'''
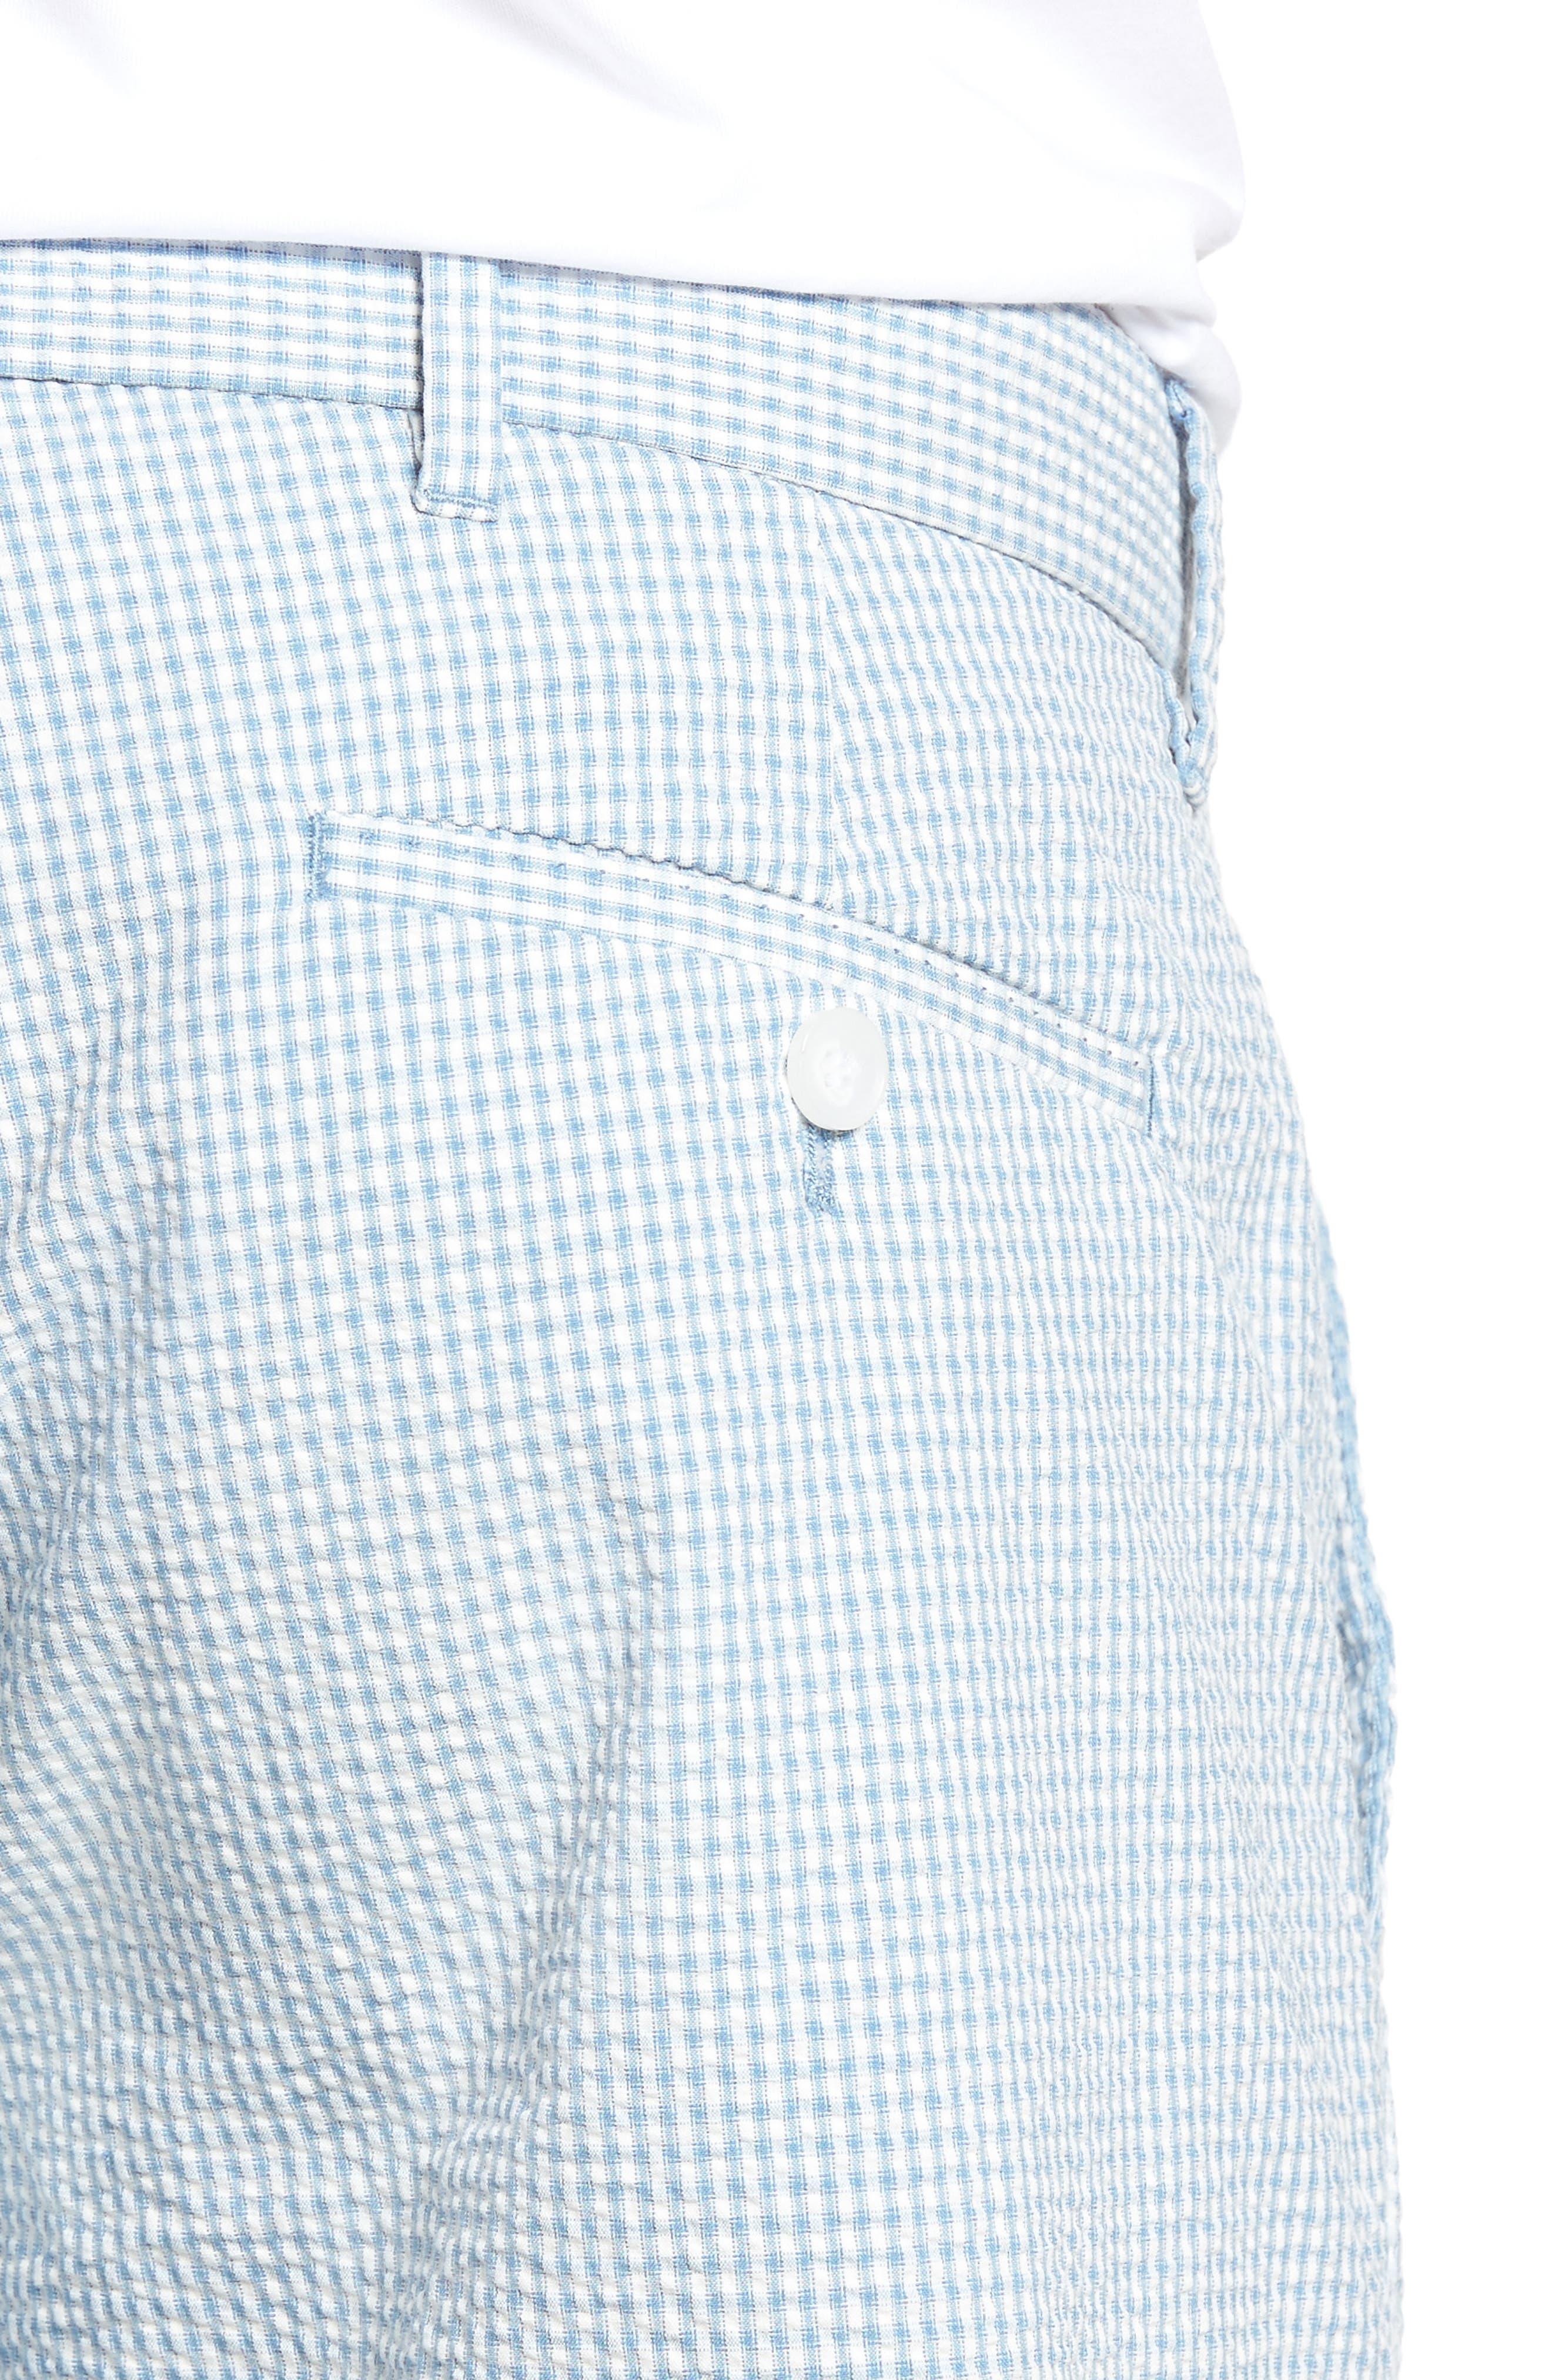 Fringe Check Seersucker Shorts,                             Alternate thumbnail 4, color,                             400
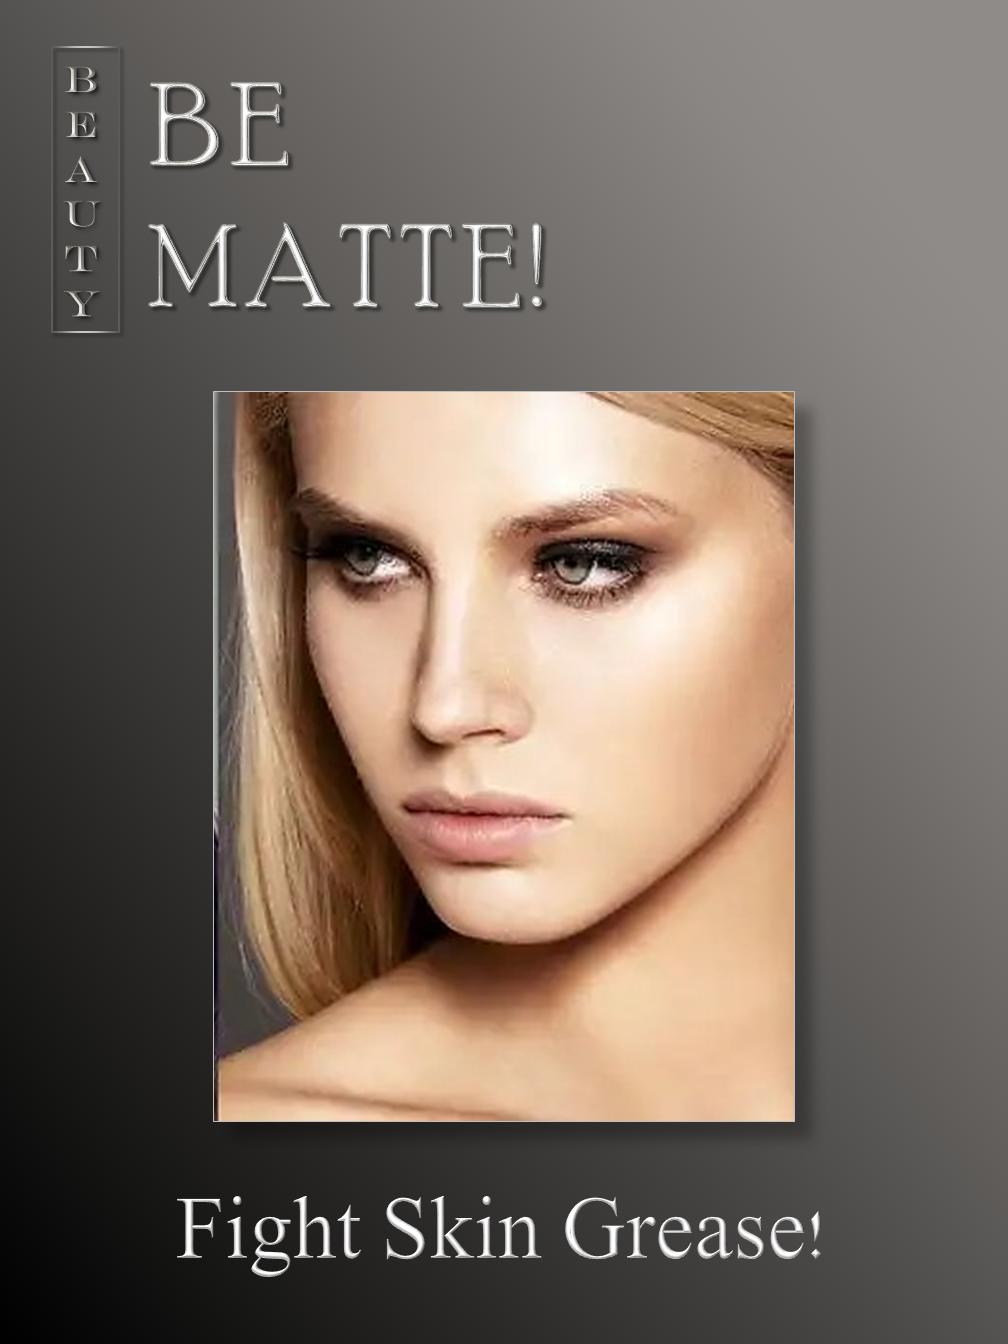 Be Matte
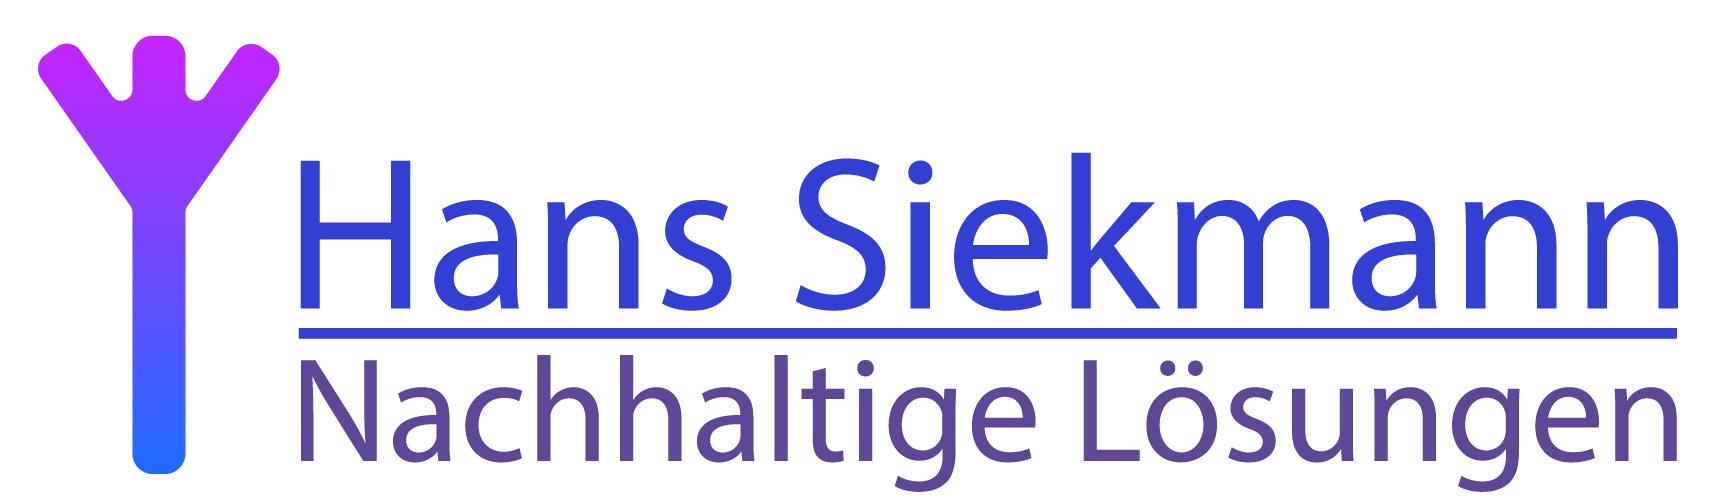 Hans Siekmann
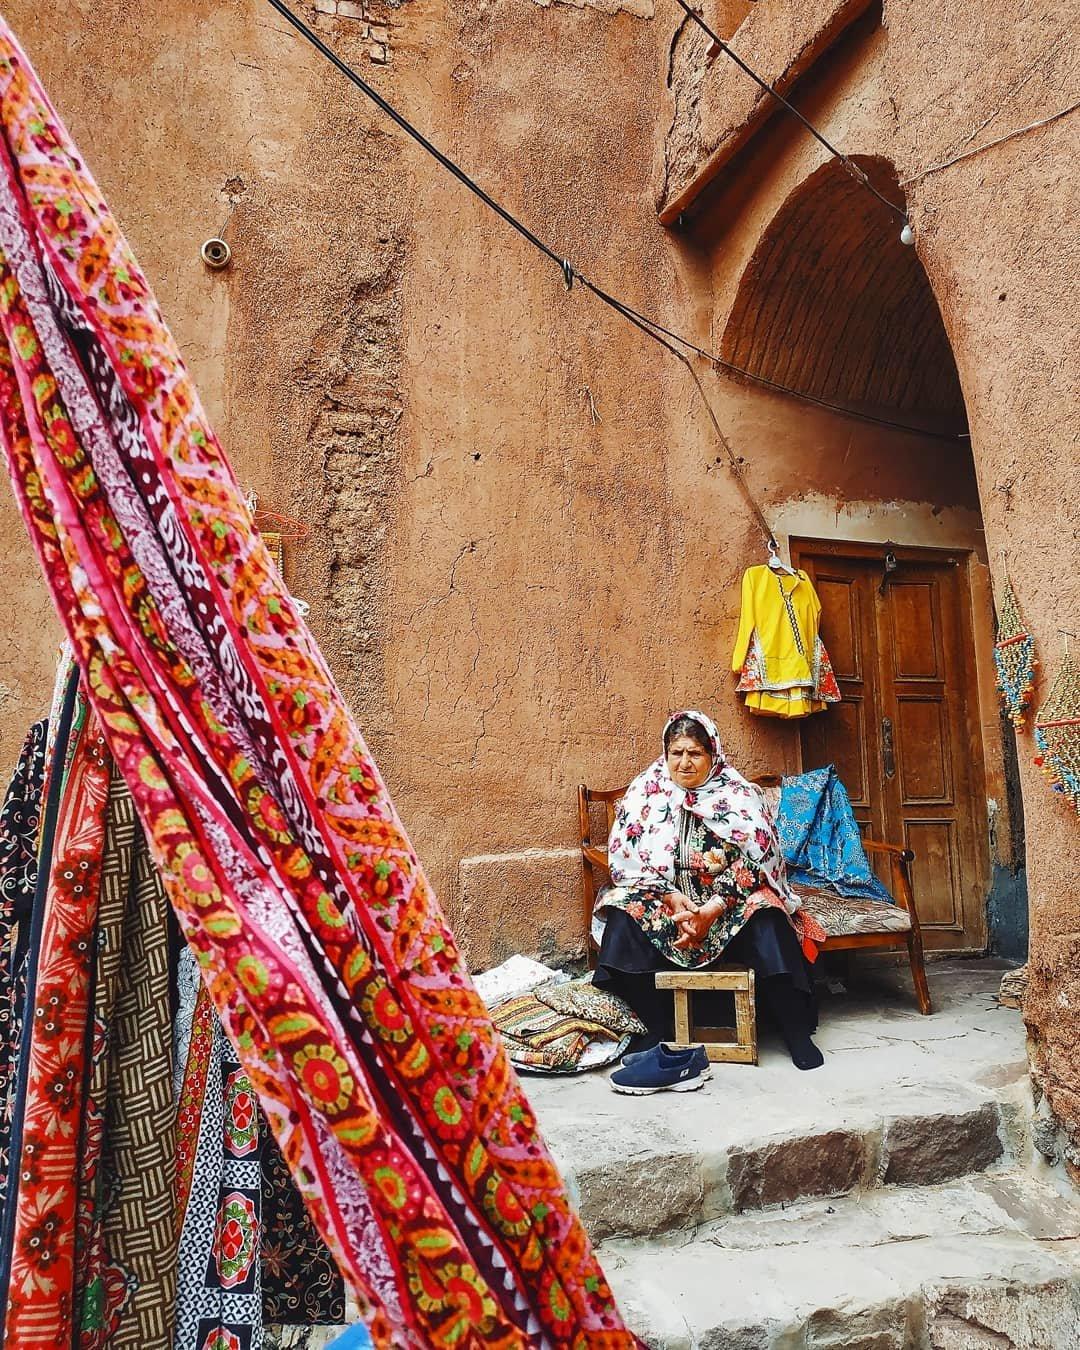 Город роз, персидские дворцы и Медина. Как харьковчанка провела две недели в Иране и Марокко, - ФОТО, фото-2
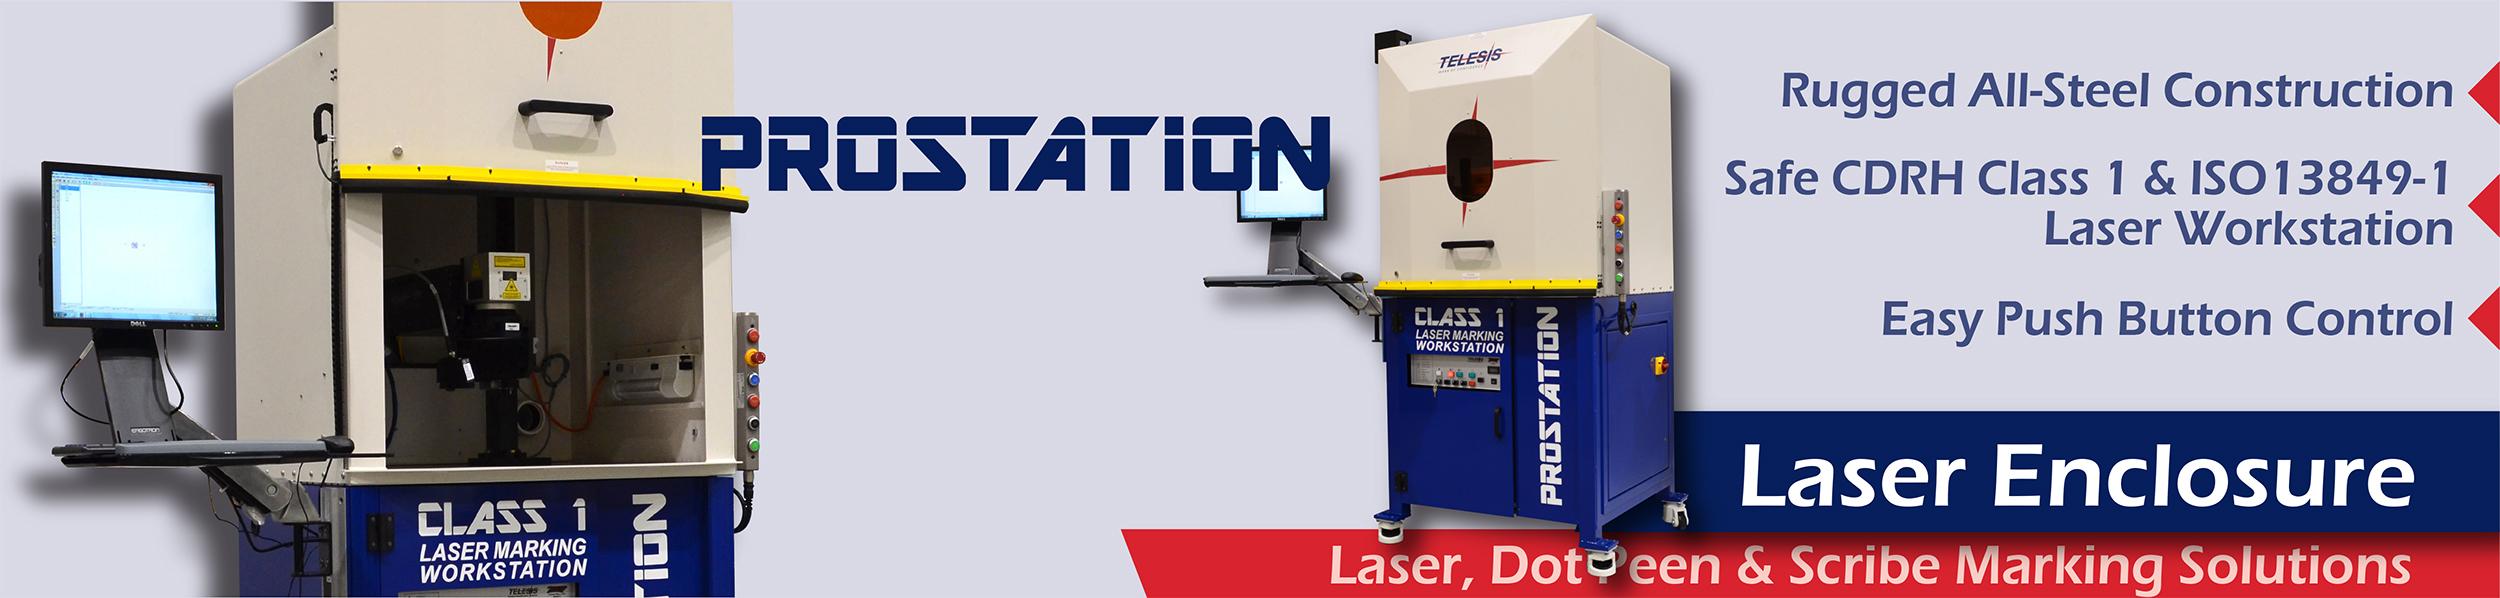 Telesis ProStation Laser Workstations
'''
# TASK GOAL:
The expected output is every entry, retyped exactly, with all pictures removed.

# SOLUTION:
 Fringe Check Seersucker Shorts,                             Alternate thumbnail 4, color,                             400
 Be Matte
 Hans Siekmann
 Город роз, персидские дворцы и Медина. Как харьковчанка провела две недели в Иране и Марокко, - ФОТО, фото-2
 Telesis ProStation Laser Workstations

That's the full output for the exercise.